Requiring me to reboot to design stuff is pretty much a guarantee that not
many things will ever get designed :/

------
throwanem
> This is because if, when finally screwing the parts together, the screw has
> to thread its way through, then the gaps between the parts won’t tighten
> when you tighten the screw, because there’s no travel between them.

That's why wood screws are only threaded partway up their length. Since these
screws are self-tapping, they need to account for the problem you correctly
identify here, where the screw can't clamp the parts together properly because
they cannot move relative to one another as the screw is tightened into place.
Ending the thread partway up the screw solves this by permitting the part
nearer the screw head to move freely along the shaft, so the fastener can
clamp them together properly as it's tightened.

The machine screws you're using, conversely, are threaded all the way up to
the head because they are not designed for self-tapping, but rather to be used
in holes which have had threads tapped into them. That's why they are giving
you the trouble they are. Happily, there are a few different ways to make that
trouble go away!

Making the entire screw path wide enough that the screw doesn't have to tap
any threads, and securing it with a nut, is one option, and as you've seen, it
can work. On the other hand, you lose something in clamping force, because
there's less bearing surface, and you also have to choose between machining
(or designing) a nut pocket into the part, or having the nut and the end of
the bolt stick out past the profile of the case.

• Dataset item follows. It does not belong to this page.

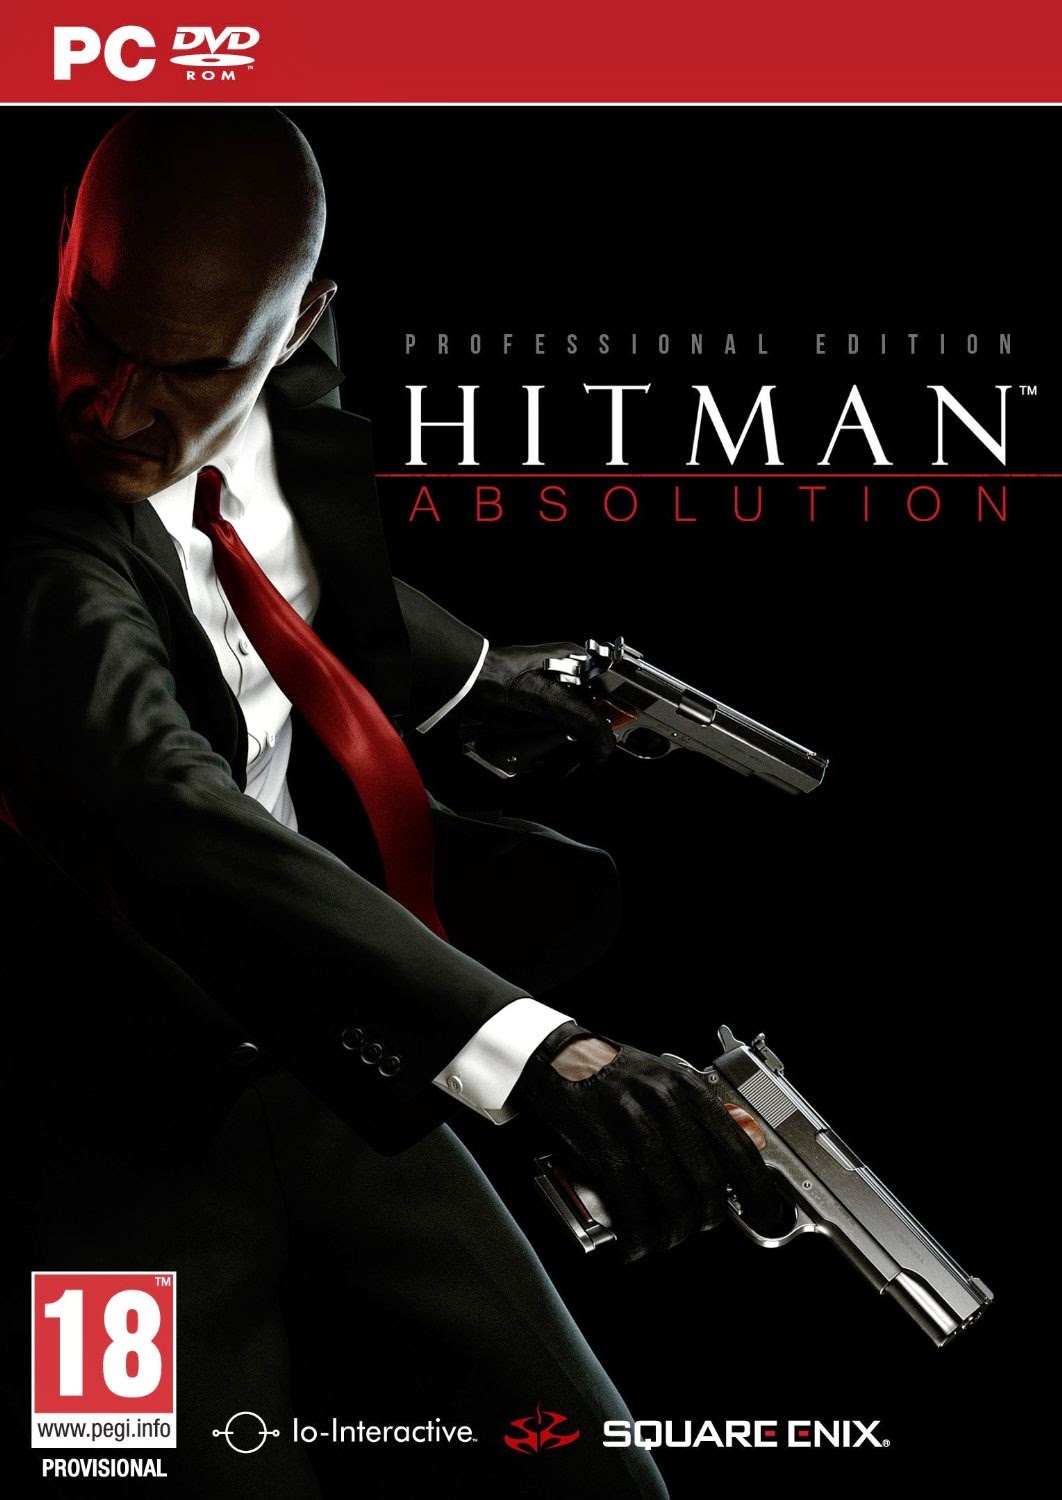 hitman pro full version free download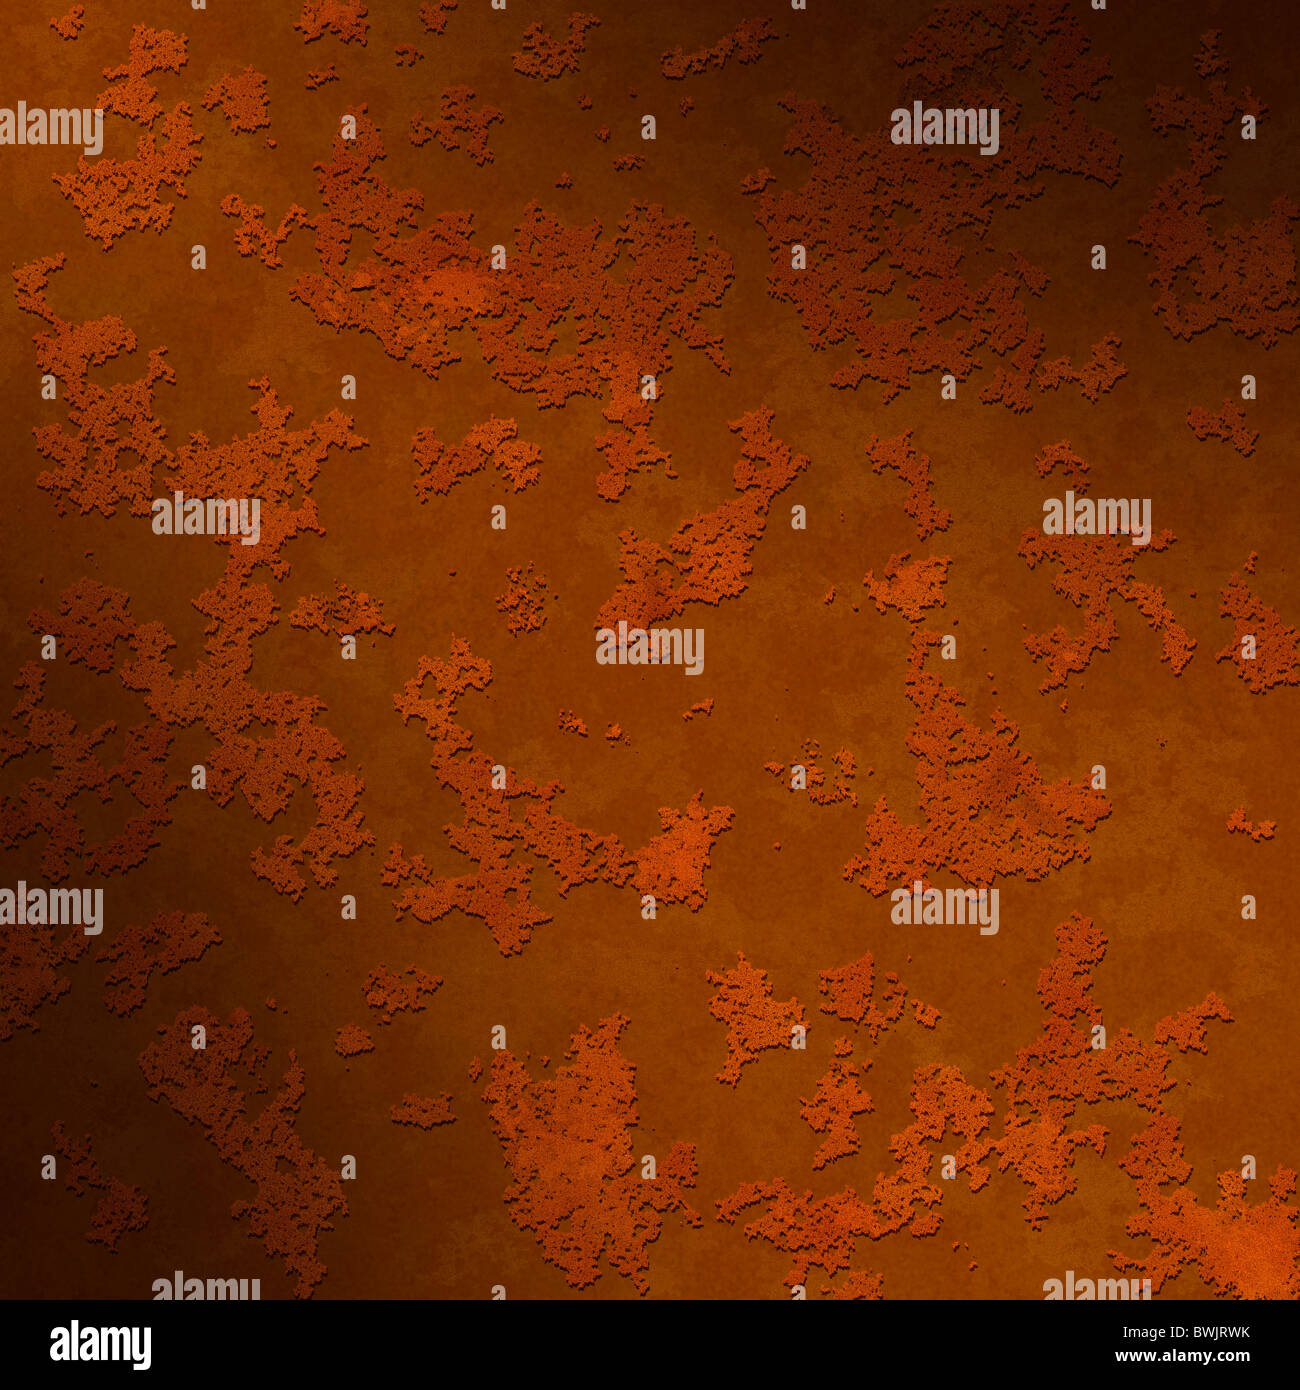 Rusty background illustration dramatically lit Stock Photo

Another option, which replicates the benefit provided by the design of self-
tapping screws, is to make the screw hole wider, but only in the part nearer
the head, and leave the far part's hole narrow enough that the screw will tap
threads into it on the first insertion. This way, you have the part near the
head free to tighten, which solves the problem you saw with your first
designs, and you get the maximum clamping force possible from the screw
without having to tap threads for a machine screw - _and_ , with a carefully
chosen (or trimmed) length of screw, you can also have the path end in a blind
hole in the far part, so that the only part of the screw visible in the
finished item is its head. (If you care, of course.)

And a third option, naturally, would be to actually tap threads into your
screw holes - but you need a tap set for that, and I'm not sure there's much
point. You _need_ taps to cut threads into metal, because metal is pretty
hard, and you need something very hard to cut it cleanly so that your screws,
which are only pretty hard themselves, aren't ruined when you try to use them.
Plastic, on the other hand, is very soft, so you're not actually hurting
anything by letting your screws self-tap. You just need to adjust your design
to account for it.

Hope this helps!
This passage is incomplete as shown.